My shortlist (apologies in advance to those I've omitted) of economists commenting on macroeconomic policy who I think qualify is something like the following:
- Adam Posen on monetary policy when interest rates are at the zero lower bound;
- Paul de Grauwe on sovereign and eurozone debt;
- Martin Wolf on private sector savings and public sector deficits (the financial balance approach);
- Richard Koo on the implications of a "balance sheet recession"
In each case I've provided links to typical examples of what each was saying a couple of years ago; in each case the analysis stands up well in retrospect. You understand what they are arguing and why, and events since have been consistent with their arguments.
This in turn generates an obvious list of economists or those commenting on economic issues who got it completely wrong, usually because they were using analytic frameworks that were incoherent or lacked empirical evidence. I won't name individuals here, so I leave that to readers, but a short list of influential bodies that should have known better includes those responsible for writing editorials at the Financial Times, macroeconomic forecasters at the OECD, the European Department at the IMF (up until recently - their recent stuff on both UK and eurozone has been pretty good) , the senior leadership at the Bank of England and the Treasury, and probably worst of all senior economic policymakers at the ECB and European Commission. Oh, and the credit ratings agencies, but that goes without saying.
[JW: In the US, of course, anyone looking for a consistently reliable source of bad judgment, failed predictions, misleading propaganda, tendentious disinformation, and ideological bunk on questions of economic policy can just go to the editorial page of the Wall Street Journal—not to be equated with the rest of the paper, which still delivers serious reporting and analysis.]
It is worth mentioning two economists who I respect, admire and find interesting but do not in my view qualify for inclusion on my shortlist. They are Nouriel Roubini and Ken Rogoff. In both cases, I - and maybe this is partly my fault - don't understand what, if any, analytic framework they are using, so I find it difficult to impossible to evaluate their advice. Nouriel's predictions, while often accurate, seem to be based largely on instinct and a sense of which data matters and which doesn't. That's fine - and having an instinct for the data is invaluable - but I just don't know how to evaluate the plausibility of articles like this.

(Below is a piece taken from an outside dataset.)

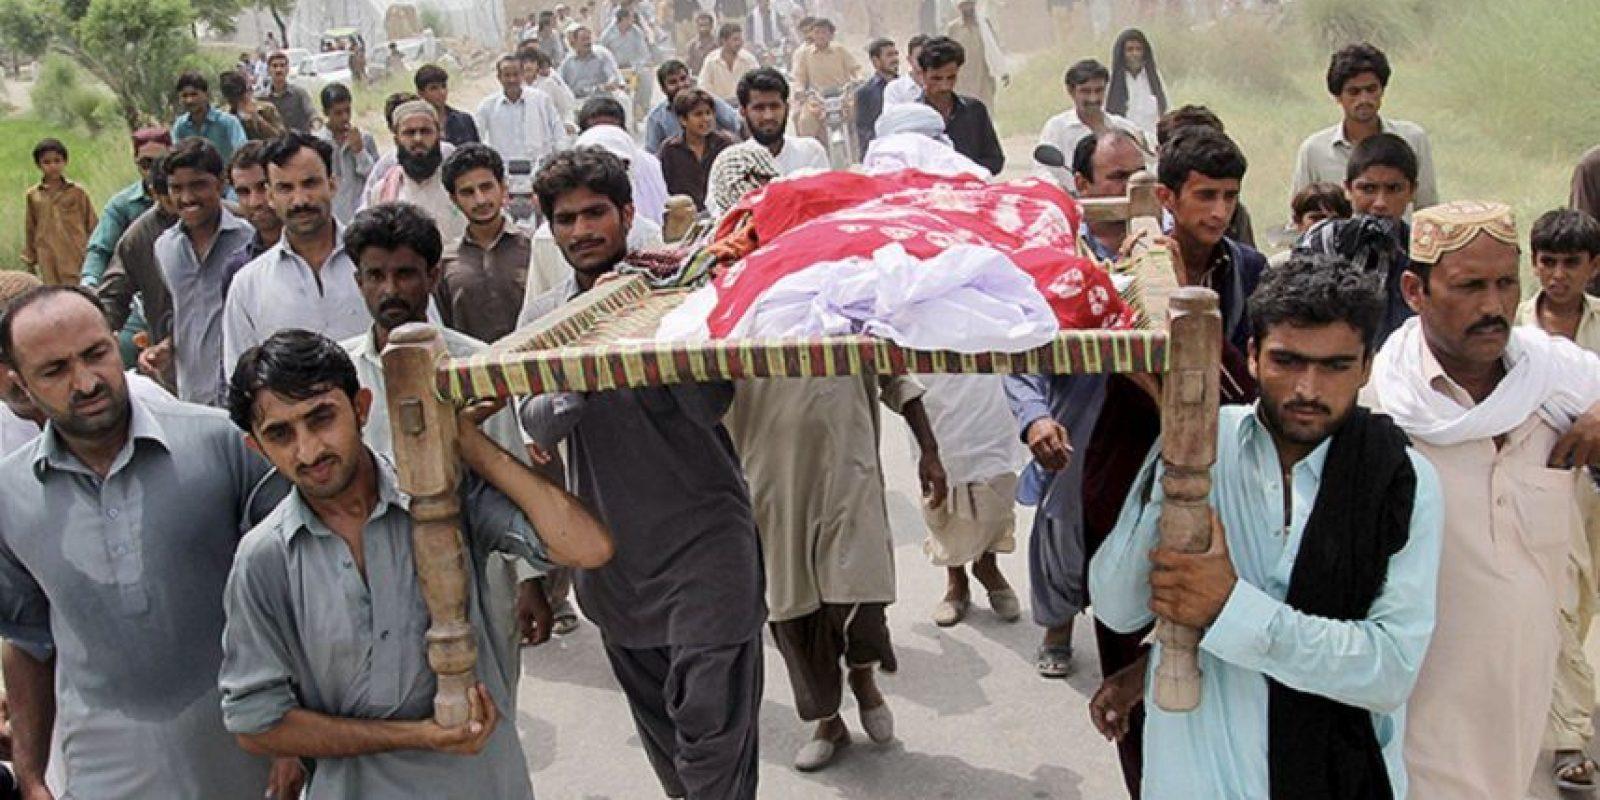 El momento del traslado del cuerpo de la estrella pakistaní. Foto:Getty Images. Imagen Por:

With Ken, I am even more confused; one of the finest theoretical macroeconomists of the last two decades has staked much of his reputation on a hypothesis - that there is something magic about a 90% debt to GDP ratio - which as far as I can see has no analytical or theoretical basis. If Ken has an explanation, his paper doesn't let us in on it. I don't see why we should regard this arbitrary number, based on a relatively small number of country examples in varying economic circumstances, as having any useful predictive power for individual countries in the future.
Finally, let me just point out that this is not hindsight on my part. Most of those mentioned above were on the list of economists I read and, whenever possible, consulted when I was still a civil servant involved in policy advice on these issues (2008-11). And I put this specific list together more than a year ago now in preparation for a talk I gave to a group of government economists. And this matters. I don't think there's any doubt that if policymakers, both in the UK and elsewhere (especially in the eurozone) had, during the intervening period, listened to these people rather than their own economic advisers, the state of the UK and world economies would be significantly better than it is now.